# Provided data:

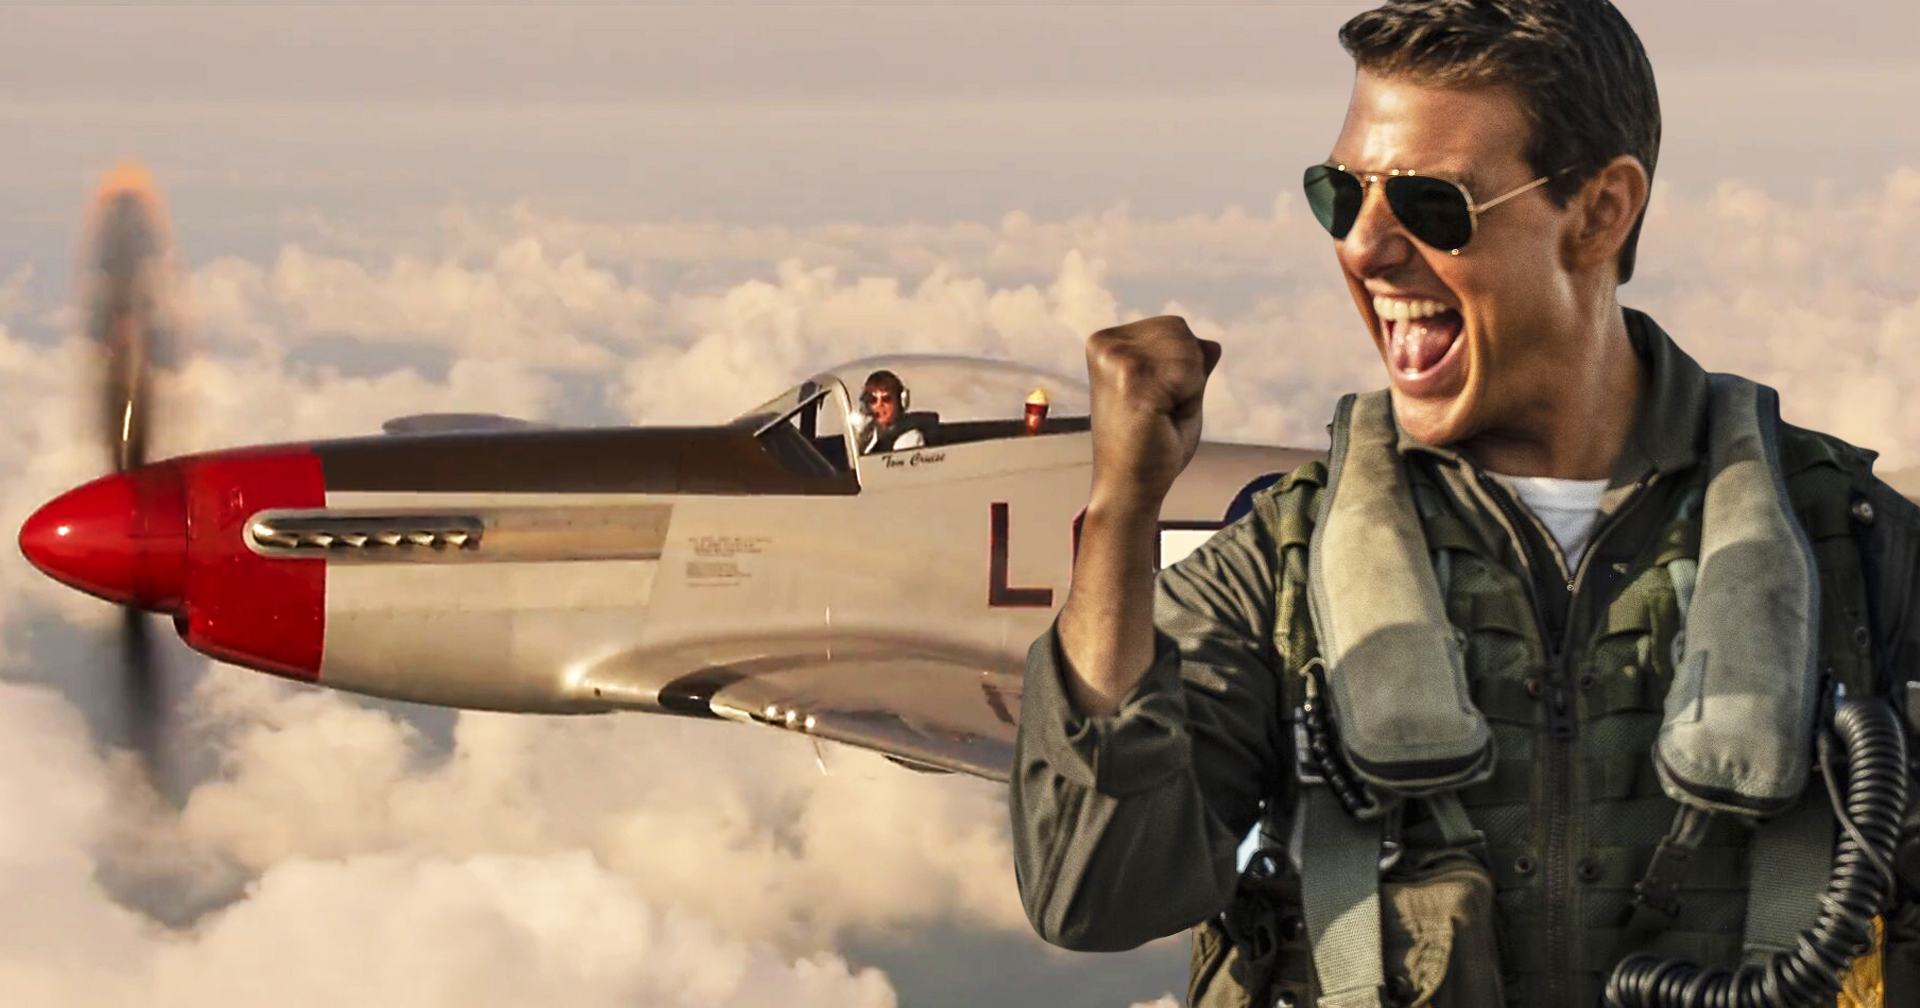 ล้ำไปอีก! Tom Cruise กล่าวขอบคุณขณะขับเครื่องบิน หลังคว้ารางวัลการแสดงยอดเยี่ยมจาก MTV
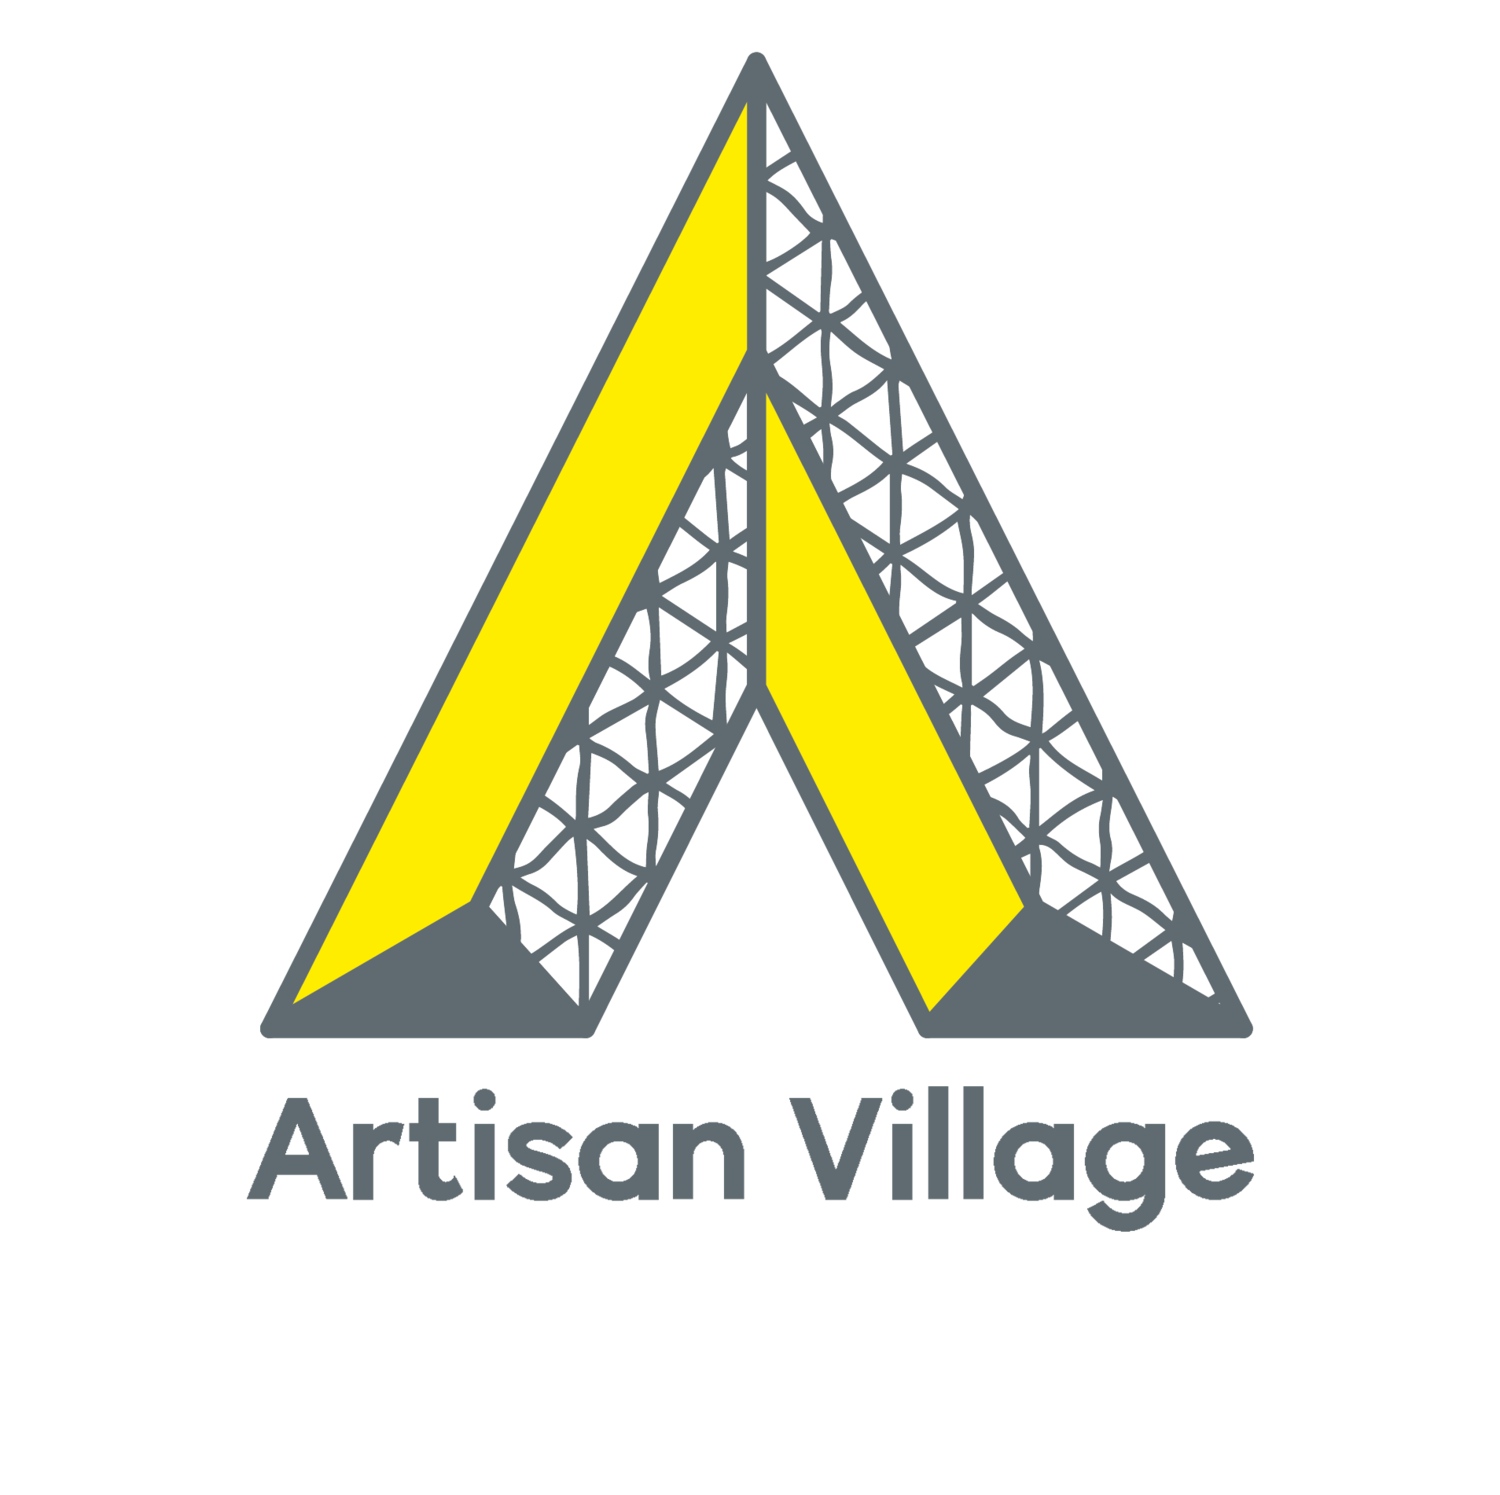 Artisan Village
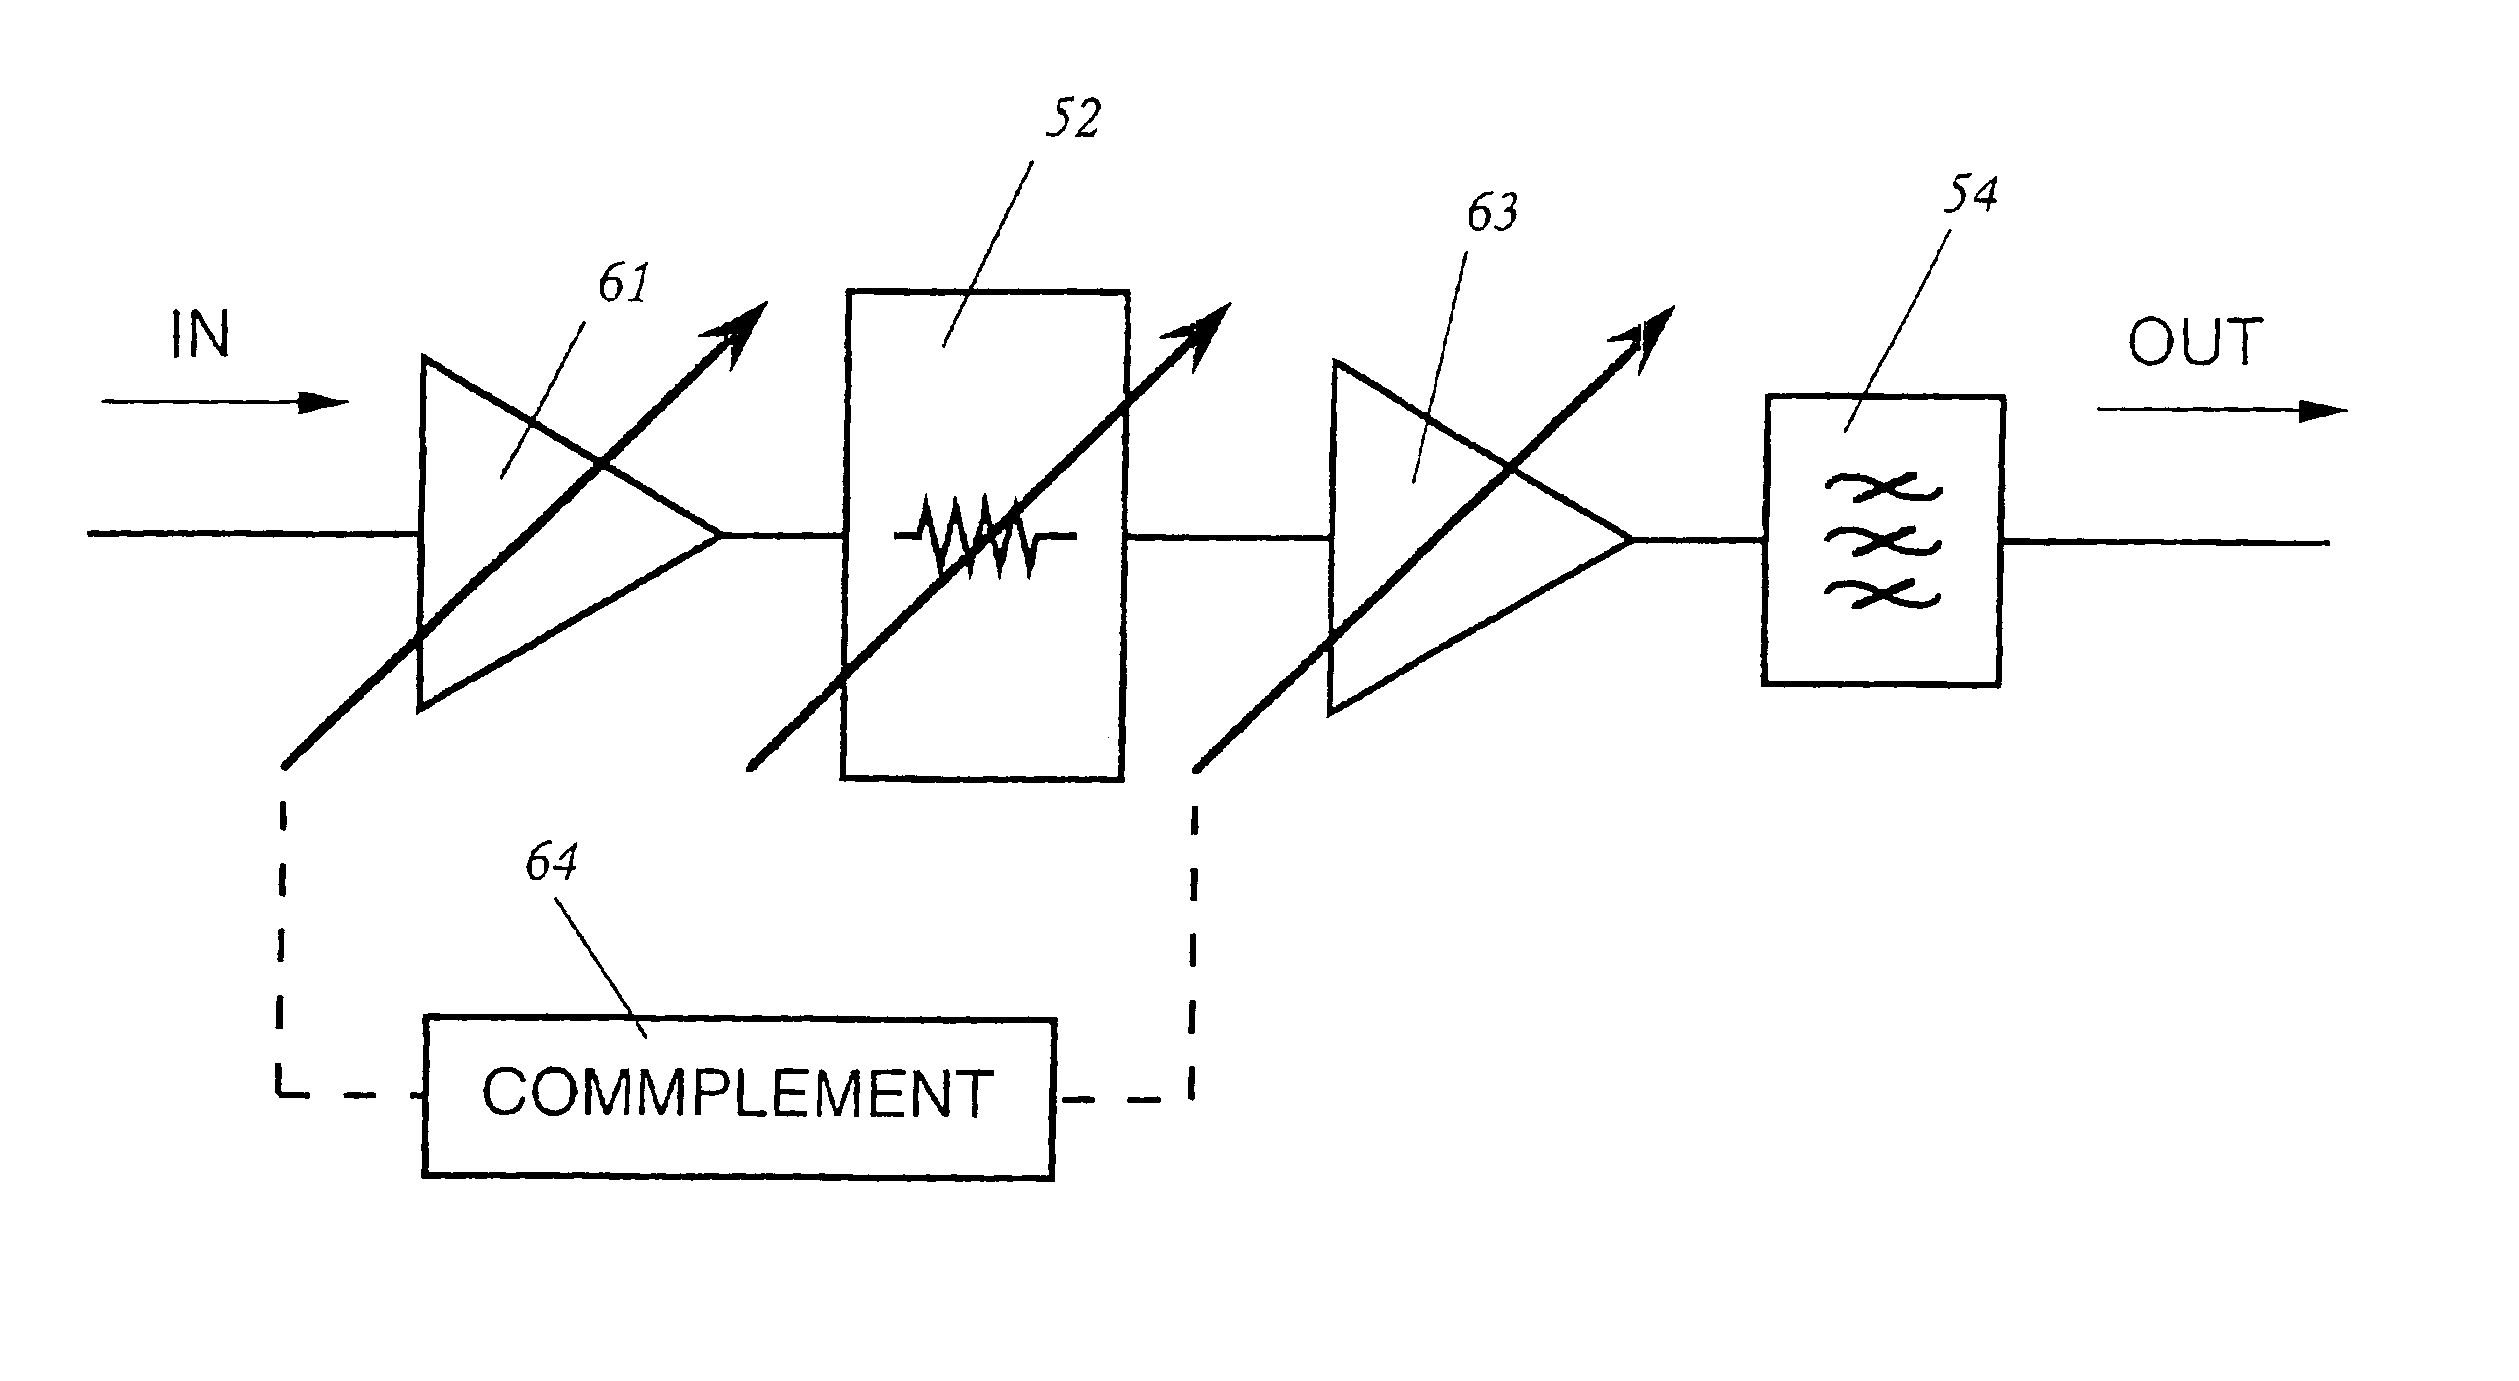 Optical amplifier modules

# What is being asked:
Word-for-word output of the material above is needed, with the pictures left out.

# The answer:
 ล้ำไปอีก! Tom Cruise กล่าวขอบคุณขณะขับเครื่องบิน หลังคว้ารางวัลการแสดงยอดเยี่ยมจาก MTV
 Artisan Village
 Optical amplifier modules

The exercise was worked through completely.